• TRY IT
All of the data should be given again word for word, though the images are to be left out.

• SUPPLIED DATA
>>>>

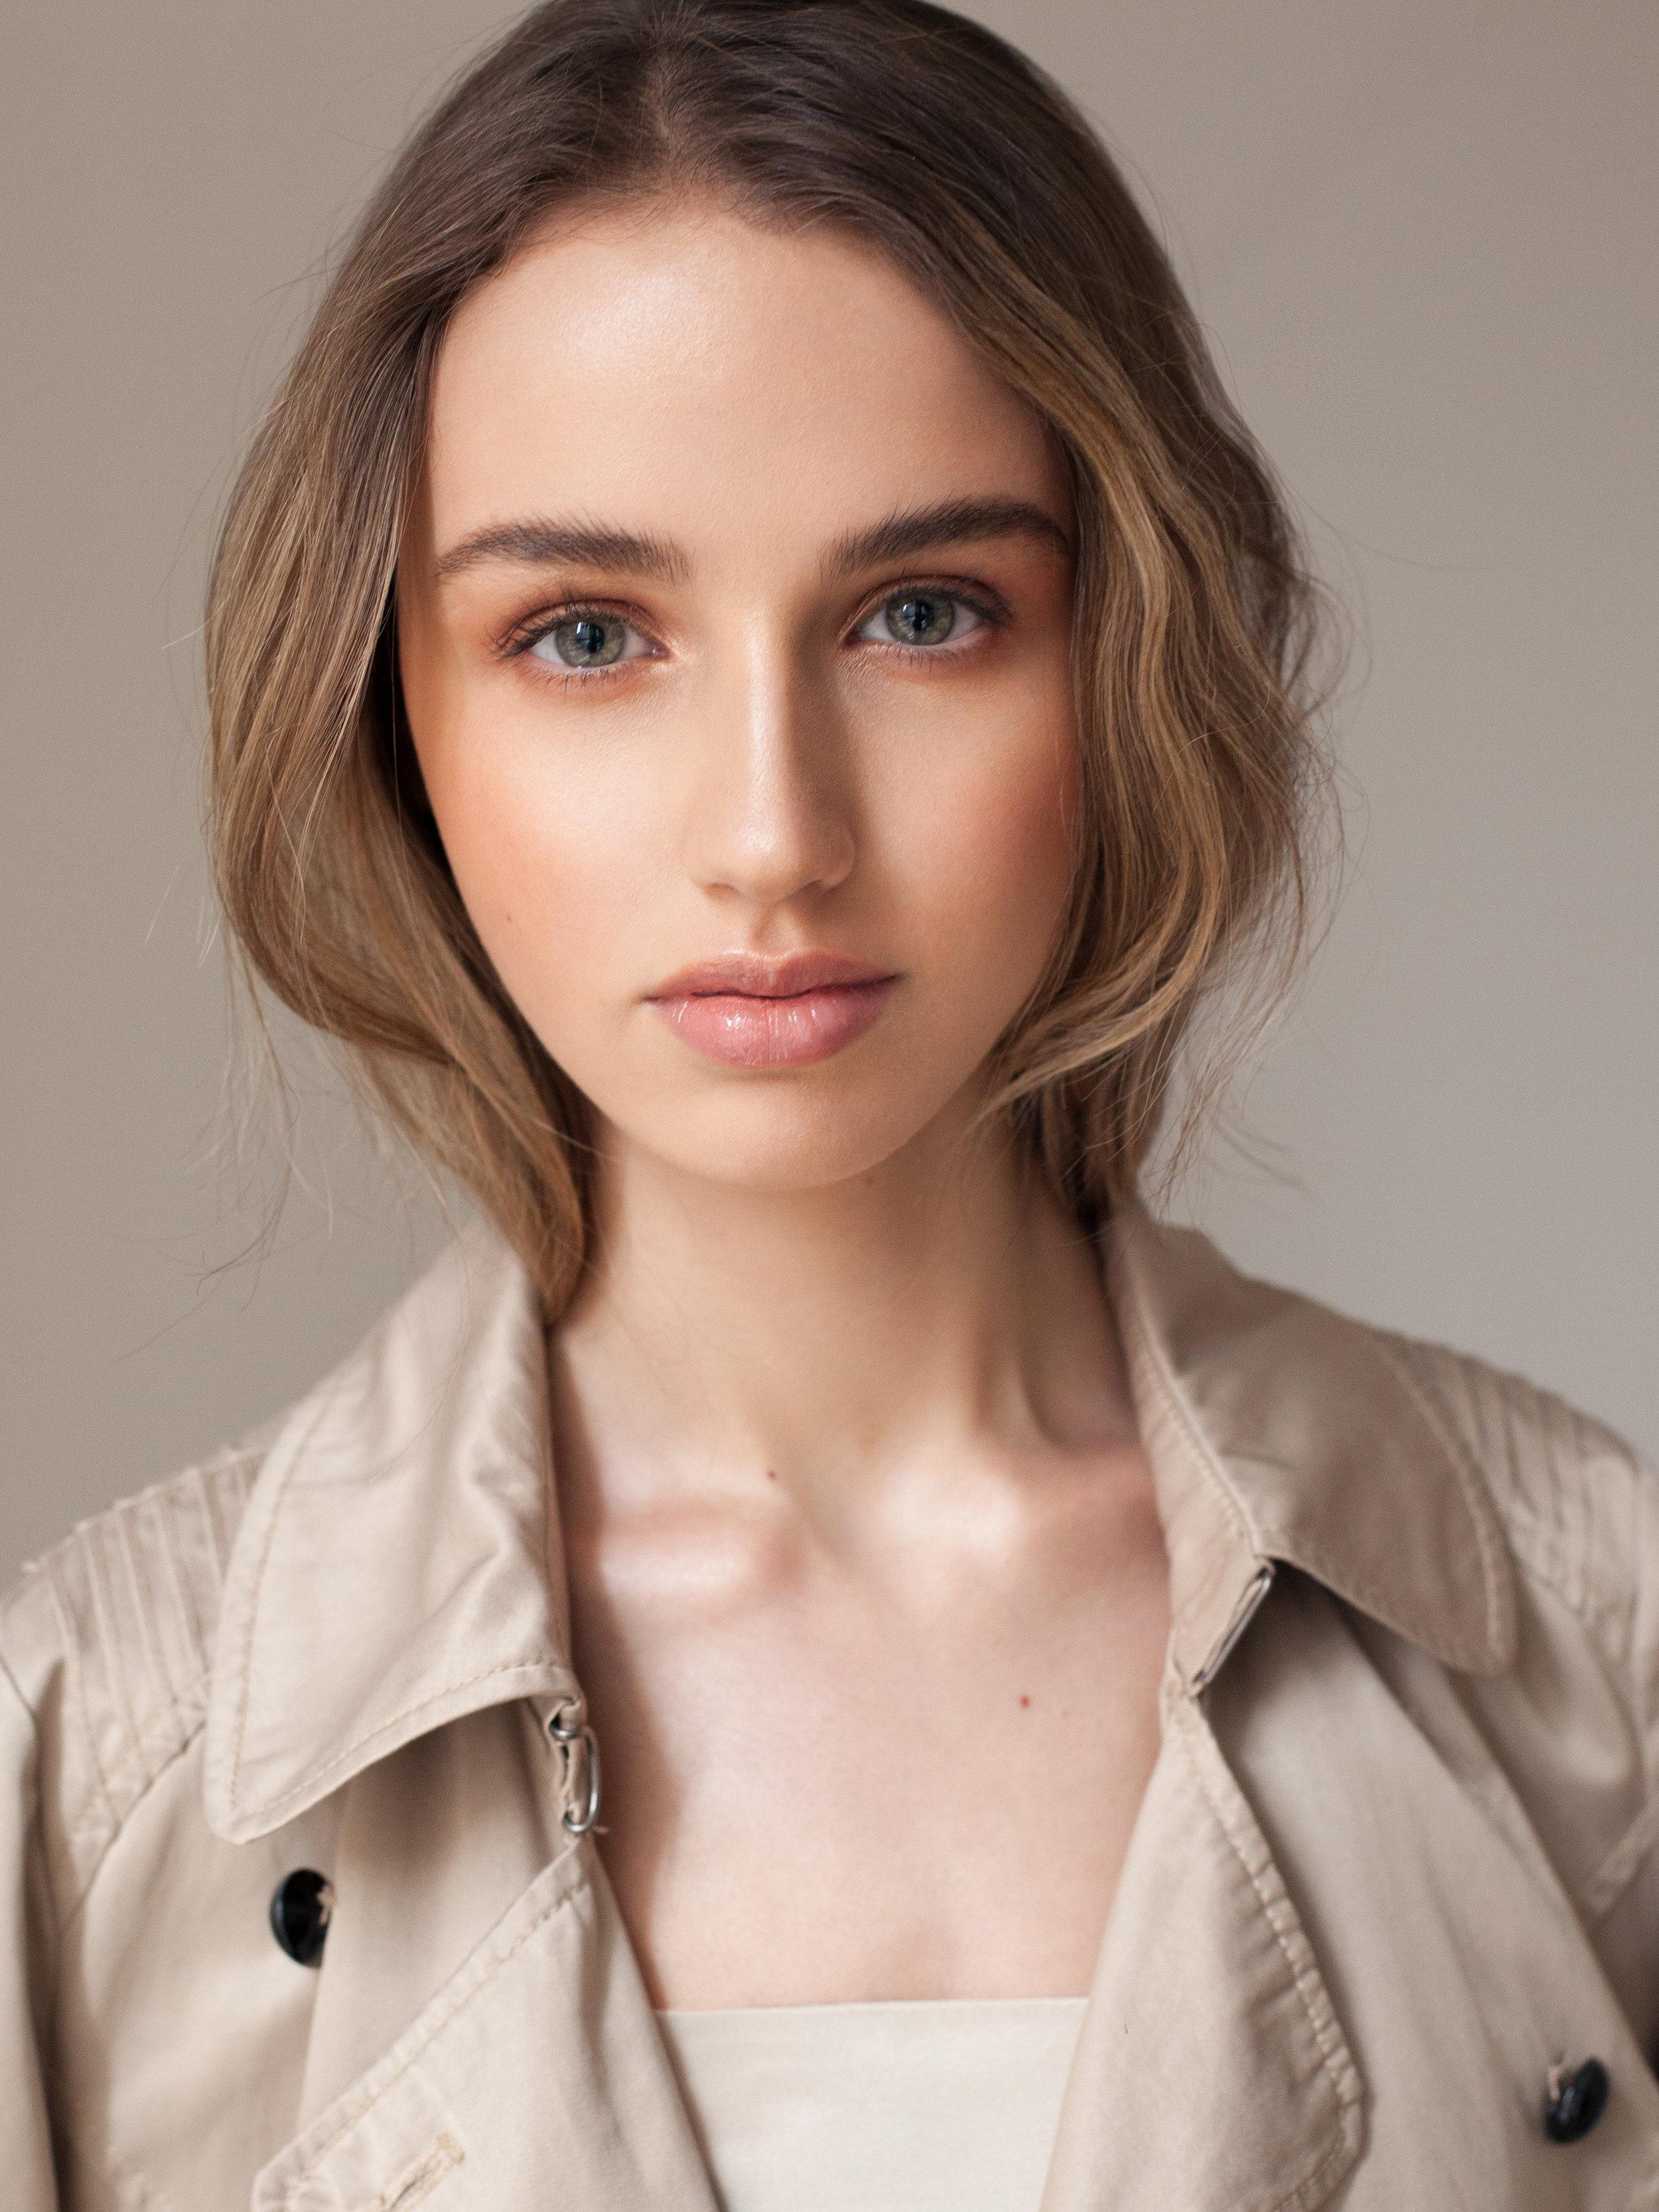 dayna  @ richards models
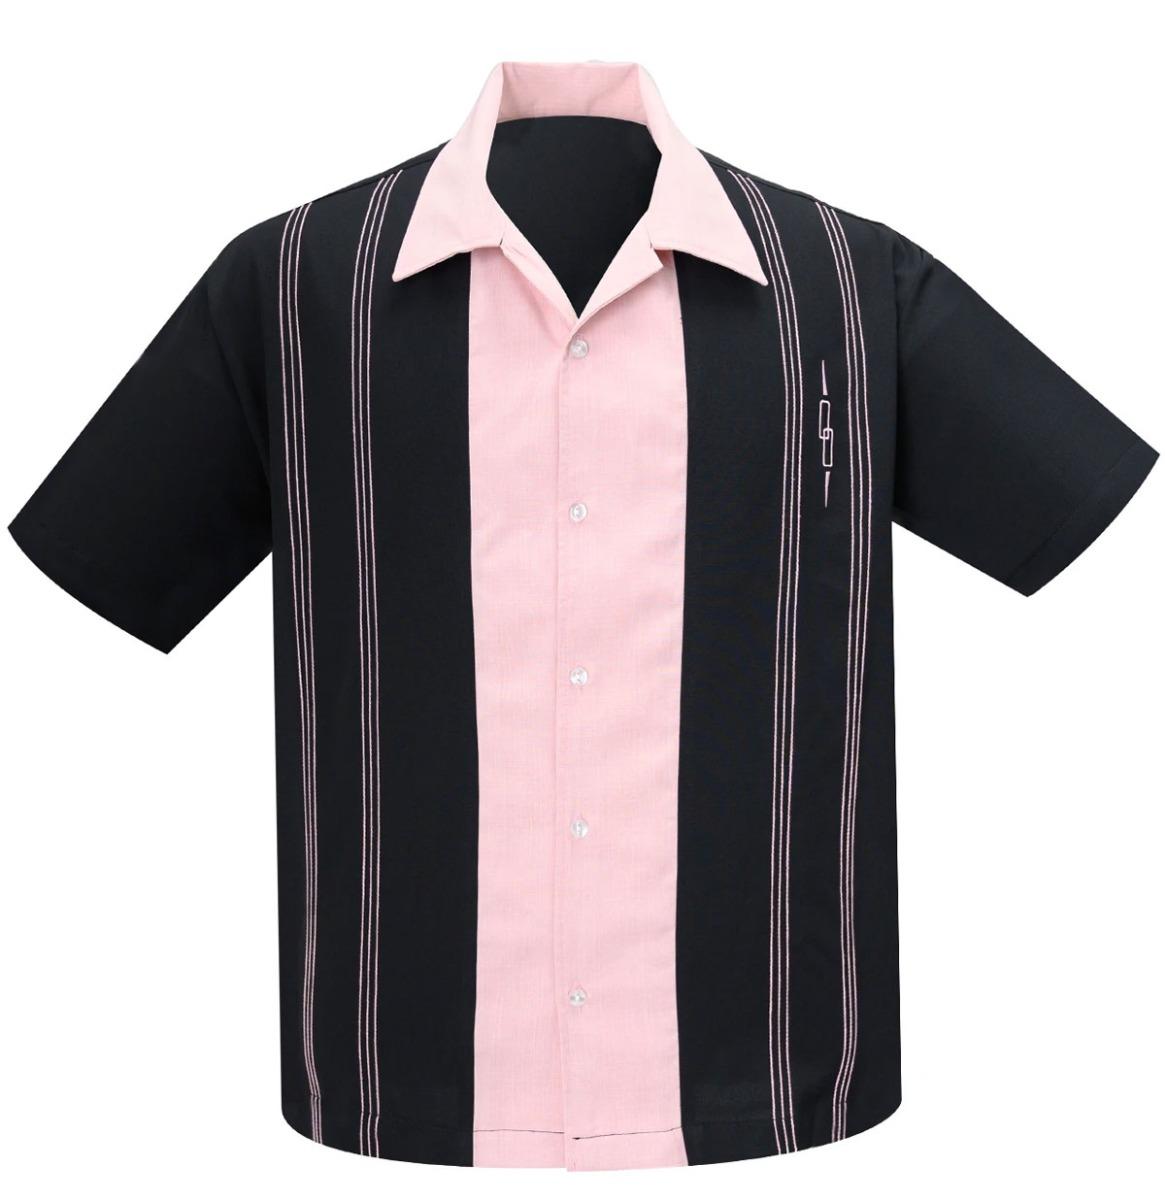 Steady Clothing The Harper Shirt Zwart / Roze
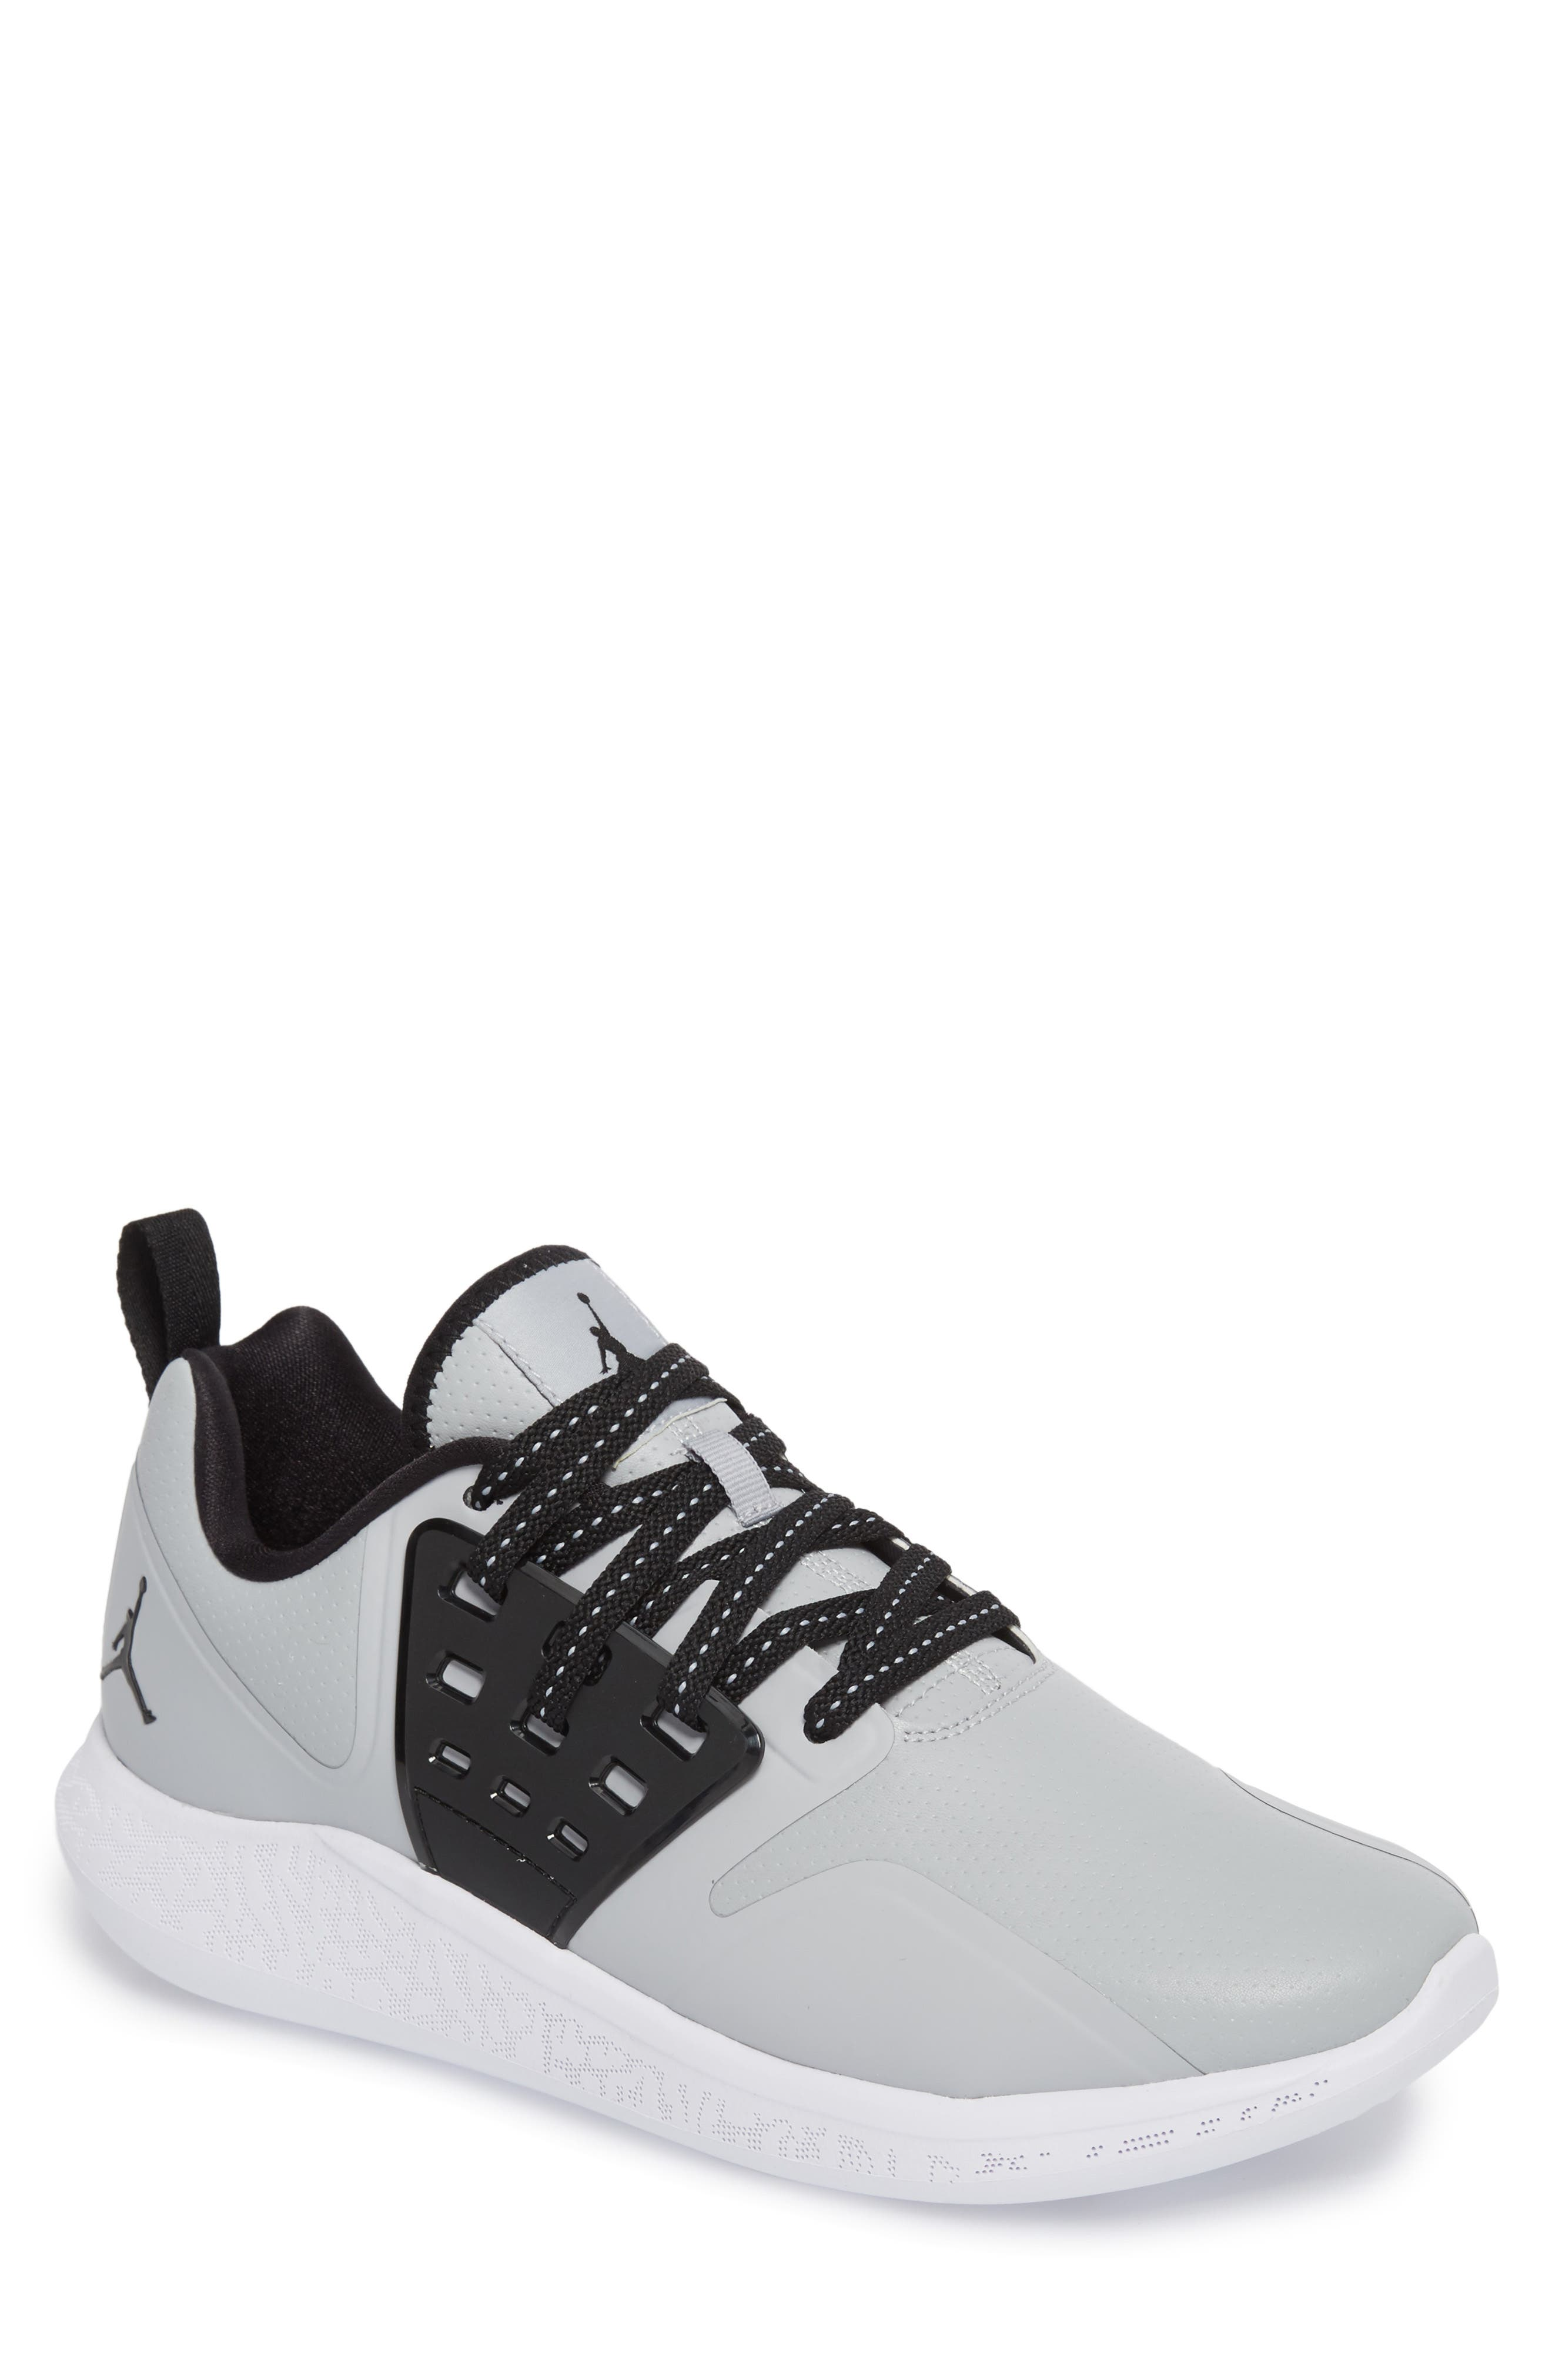 Jordan Grind Running Shoe,                         Main,                         color, Wolf Grey/ Black/ White

<<<<

• YOUR RESPONSE
 dayna  @ richards models
 Steady Clothing The Harper Shirt Zwart / Roze
 Jordan Grind Running Shoe,                         Main,                         color, Wolf Grey/ Black/ White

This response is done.